Dopo l'ultima frase si innalzò un grande borbottio.

<< Abbiamo preso sette persone, tre ragazzi e quattro ragazze. Voi. Vi abbiamo messi a vivere nella stessa casa per un periodo prolungato per un esperimento sociale, che verrà ripreso 24 su 24 da tante piccole telecamere nascoste in tutte le stanze e mandato in televisione >>

Ero davvero sconvolta.

<<C-cosa?>> balbettai.

<< Abbiamo avuto il permesso dal governo per fare questo, e ovviamente anche dai vostri genitori, se no vi avrebbero dati per scomparsi e avrebbero fatto partire la polizia a cercarvi. >> continuò << Vi abbiamo scelto in base al luogo in cui vivete, la vostra situazione sociale e scolastica, il vostro orientamento sessuale, il vostro orientamento religioso e in base al vostro stile di vita. >>

<< E noi cosa dobbiamo fare qui? >> domandò un ragazzo.

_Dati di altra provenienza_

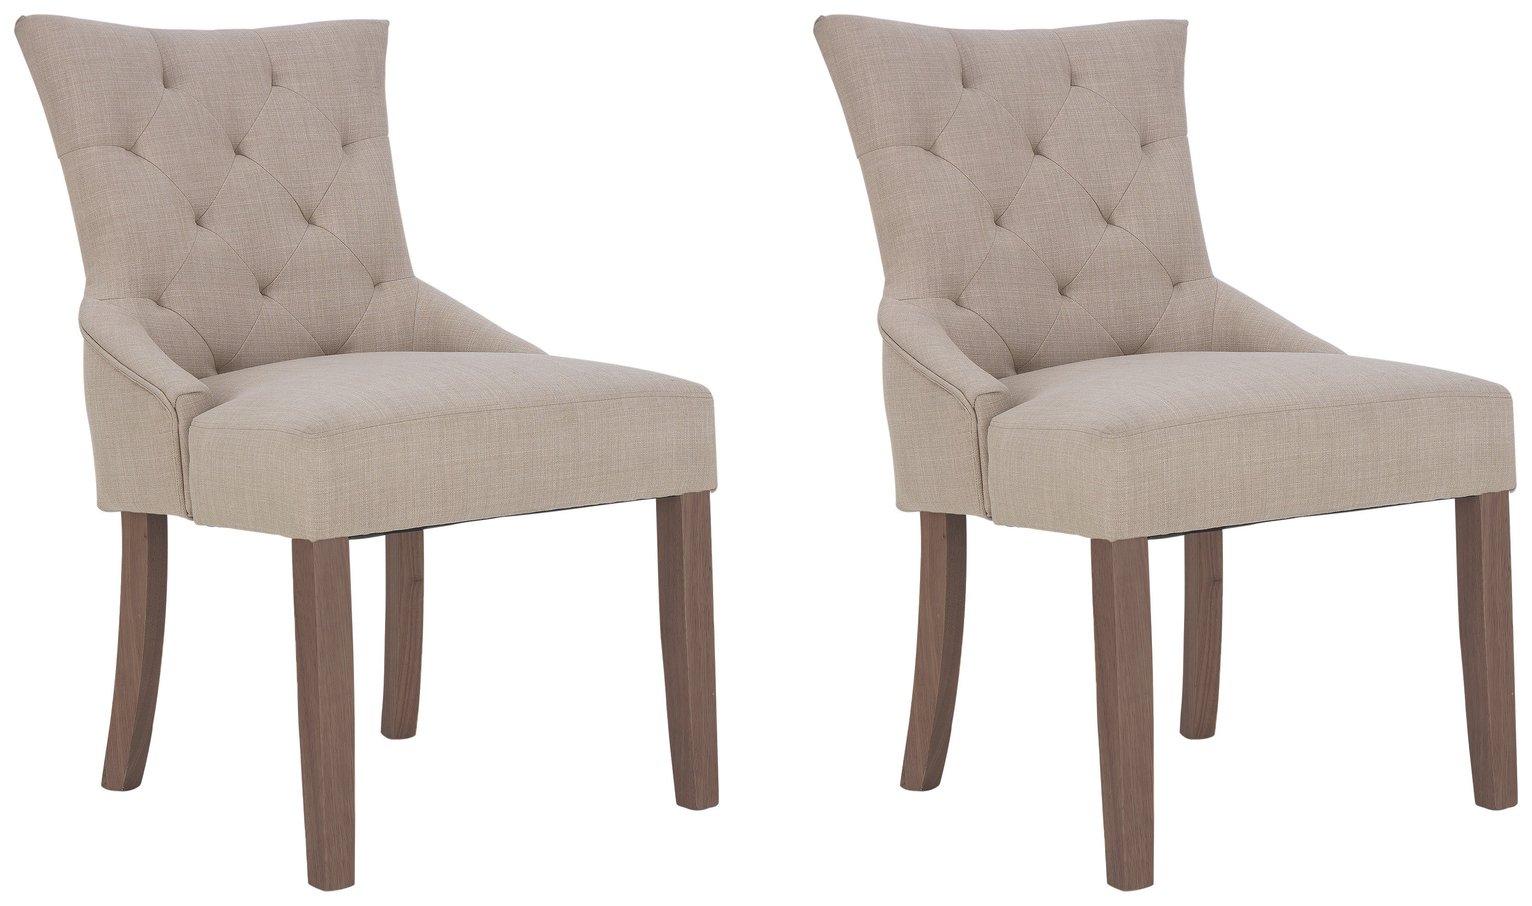 Argos Home Pin Tuck Pair of Chairs - Oatmeal/Walnut

<< Voi dovete vivere in questa casa, così come vivreste le vostre vite, come se nulla di questo fosse accaduto. Comportatevi normalmente, poi ci saranno anche occasioni di divertirsi, ma intanto vivete e organizzatevi insieme. I vostri vestiti sono in delle valigie nella camera delle assegnazioni, dove scoprirete con chi starete in camera. Tutte le altre informazioni le troverete spostandovi in giro per la casa, scritto in pezzi di carta, in cucina e in tutte le altre stanze >>

Ci fu un attimo di silenzio, e alla fine se ne andò.

<< Buona fortuna a tutti.>>

Fu l'ultima cosa che gli sentimmo dire.